Despite progress in recent years, Lao PDR still has the highest under-five child mortality rate in Southeast Asia, 46 per 1,000 live births, according to the Lao Social Indicator Survey (LSIS-II). This is due mainly to newborn complications, diarrhoea and pneumonia. Child mortality has a greater impact on children from poor and disadvantaged families.
Most child deaths are preventable or treatable with high-impact, low-cost health and nutrition interventions, such as immunization, and the integrated management of newborn and childhood illnesses. The impact on child health varies greatly depending on socio-economic group, ethnicity, geographical location and the educational level of the parents.

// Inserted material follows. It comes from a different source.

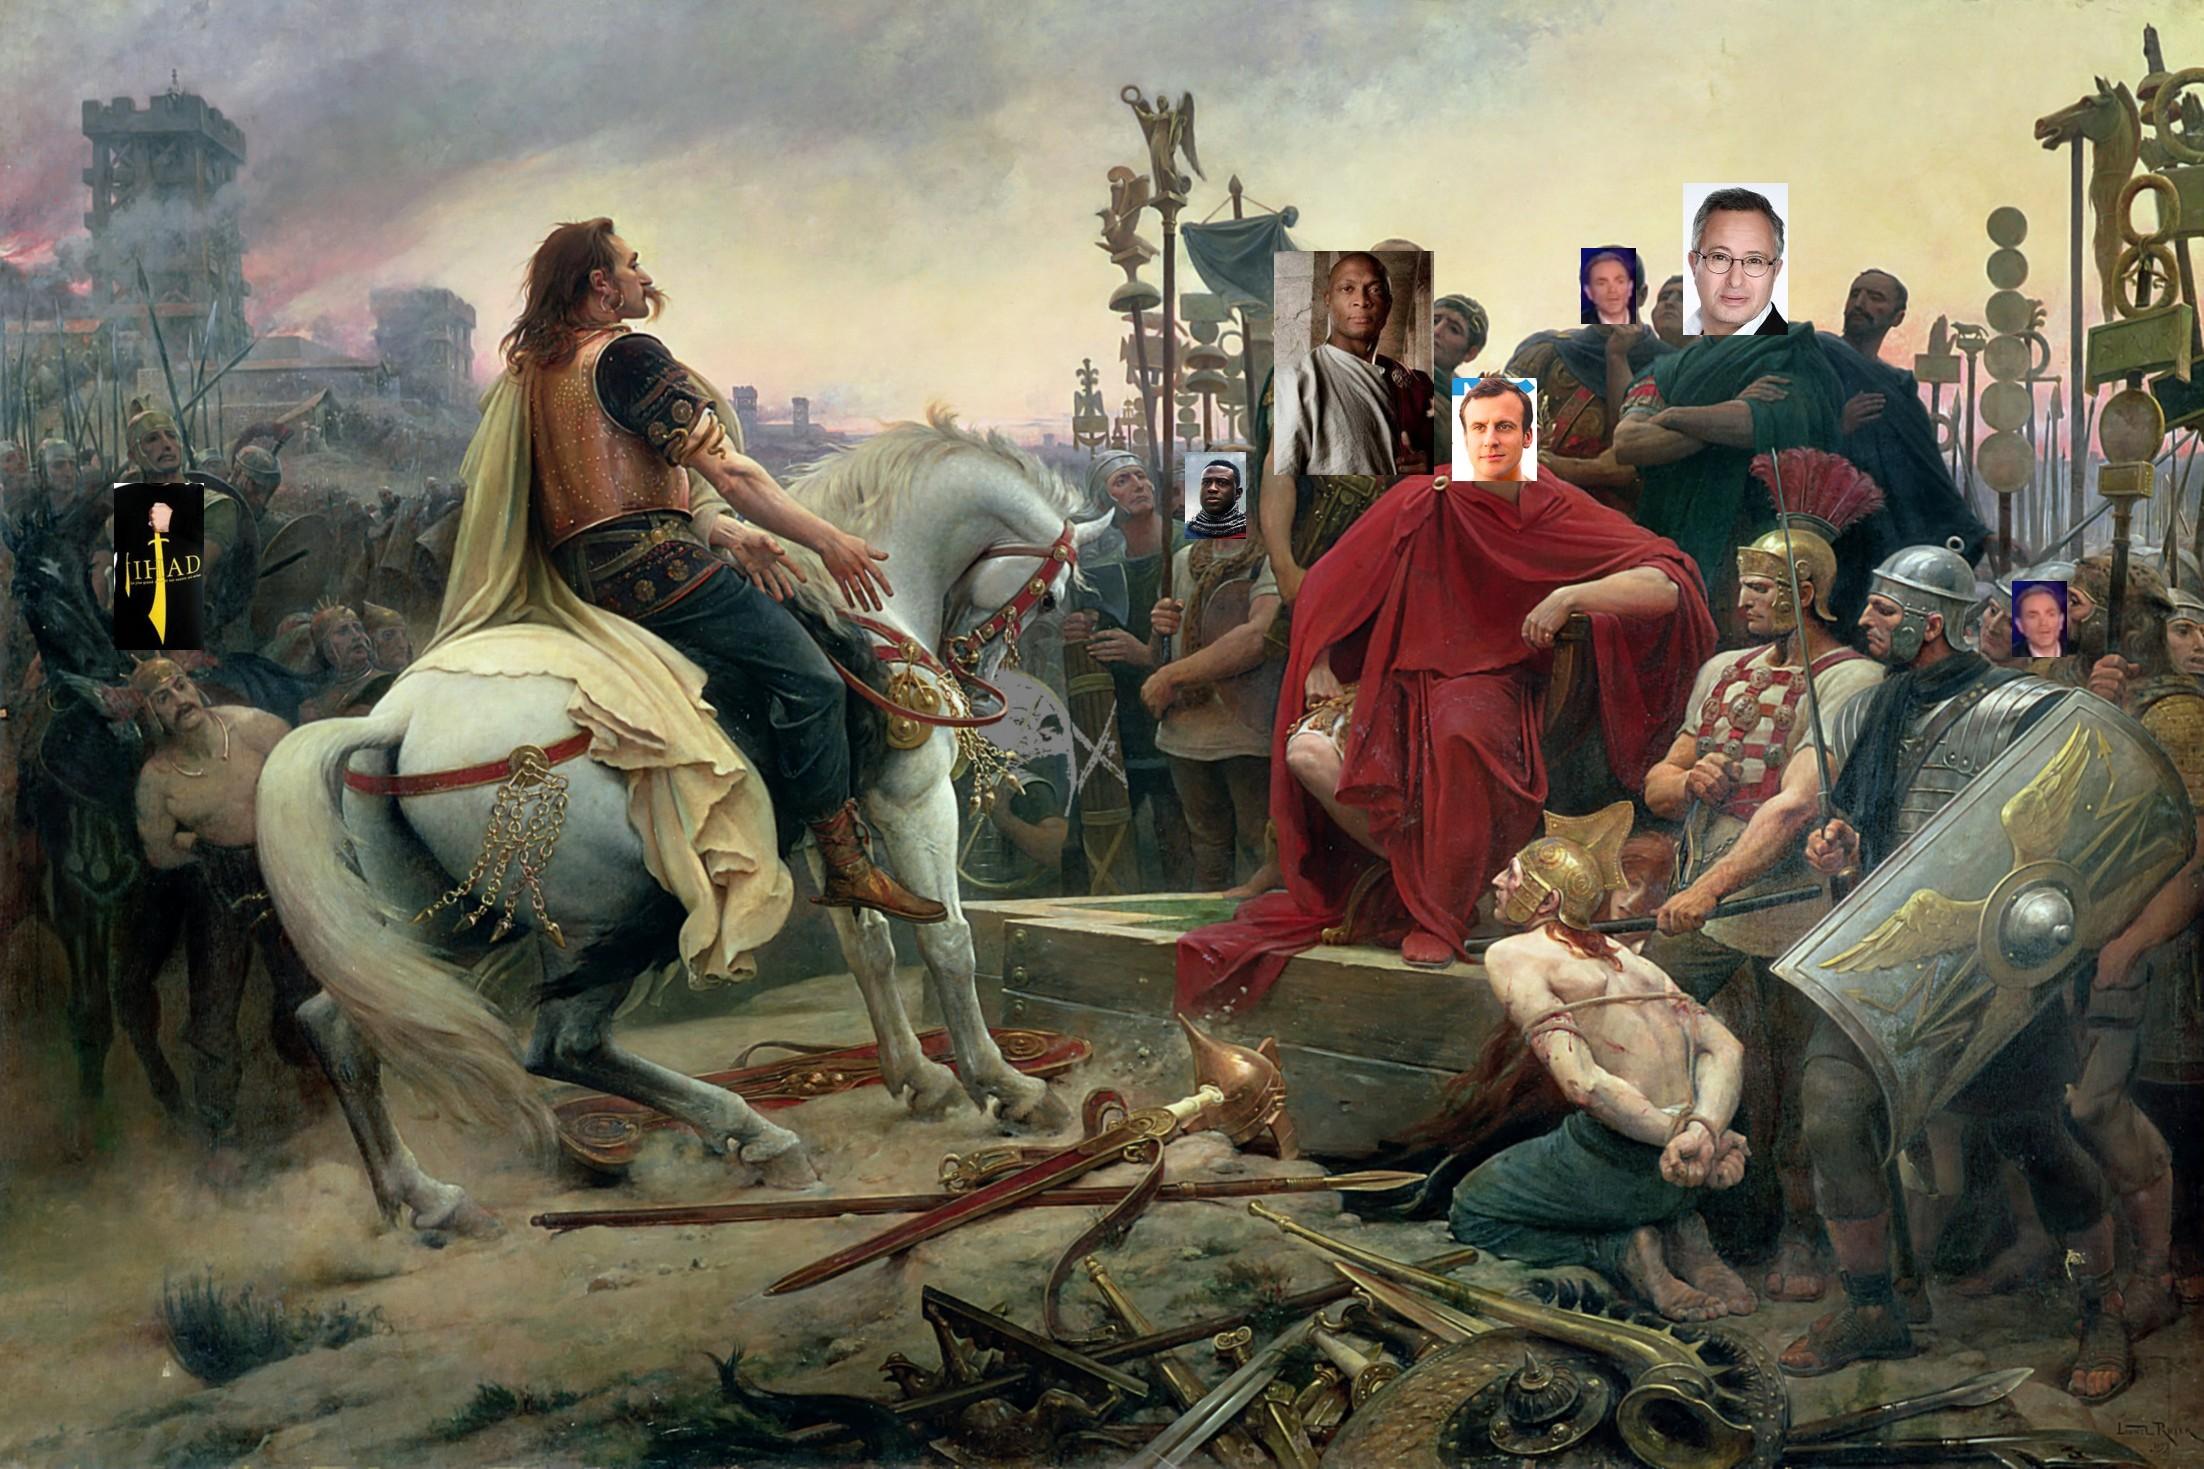 000-Patriotes-Macron-Djihad.jpg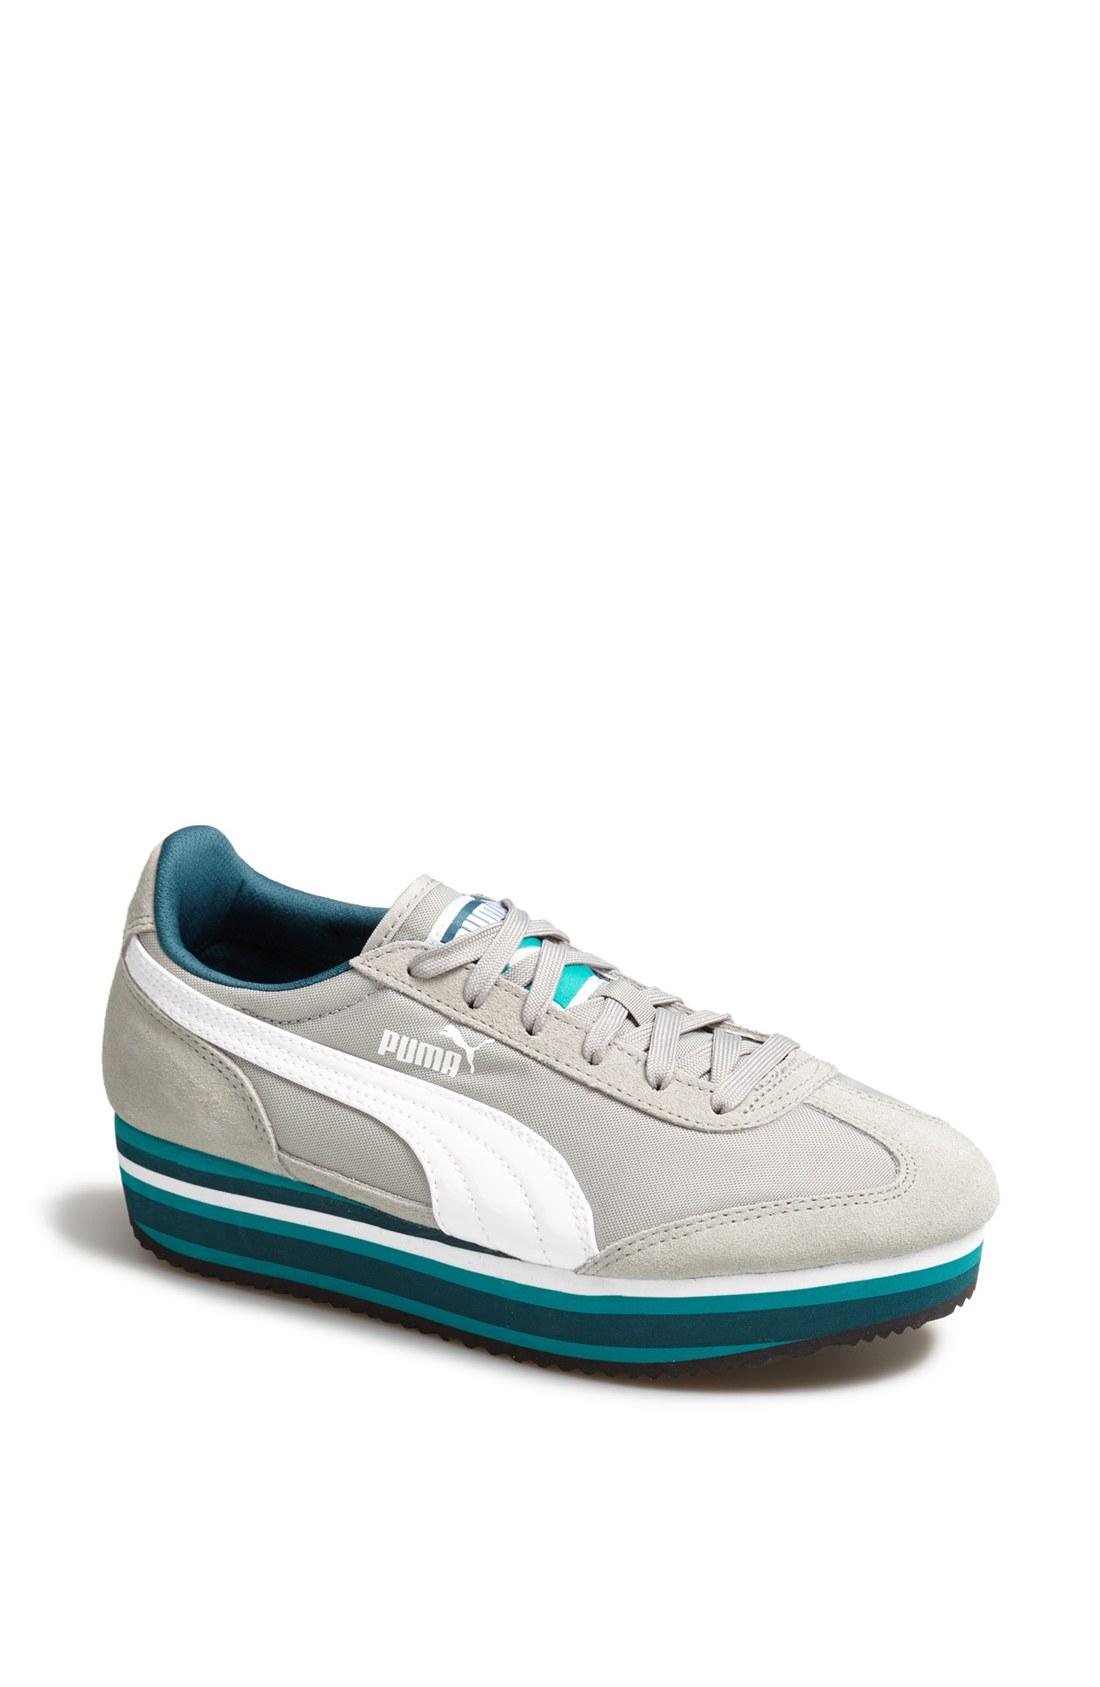 puma sf 77 platform sneaker in blue limestone grey white lyst. Black Bedroom Furniture Sets. Home Design Ideas

Immunization of both mothers and children is the most cost-effective, high-impact intervention for reducing mortality and morbidity.
Continuous care across life stages and from home to the health facility, with timely referral and follow-up, is crucial for child survival and development. Evidence shows that an effective continuum of care, which includes intervention packages from pre-pregnancy to delivery, immediate postpartum care and for children up to age 5, is essential to the well-being of this and the next generation.
The latest data for Lao PDR (LSIS) show that although more children are accessing high-impact health and nutrition interventions, still less than half of all children are being reached. Evidence also suggests that only about half of all children are fully vaccinated by the age of one.
Between 2007 and 2017, immunization coverage for the first dose of measles-containing vaccine increased from 40% to 82%, according to administrative routine immunization coverage data; and the three-dose DPT vaccine increased from 50% to 85%. But recent successes in immunization coverage are fragile, and the challenge is to not only reach but maintain national SDG targets.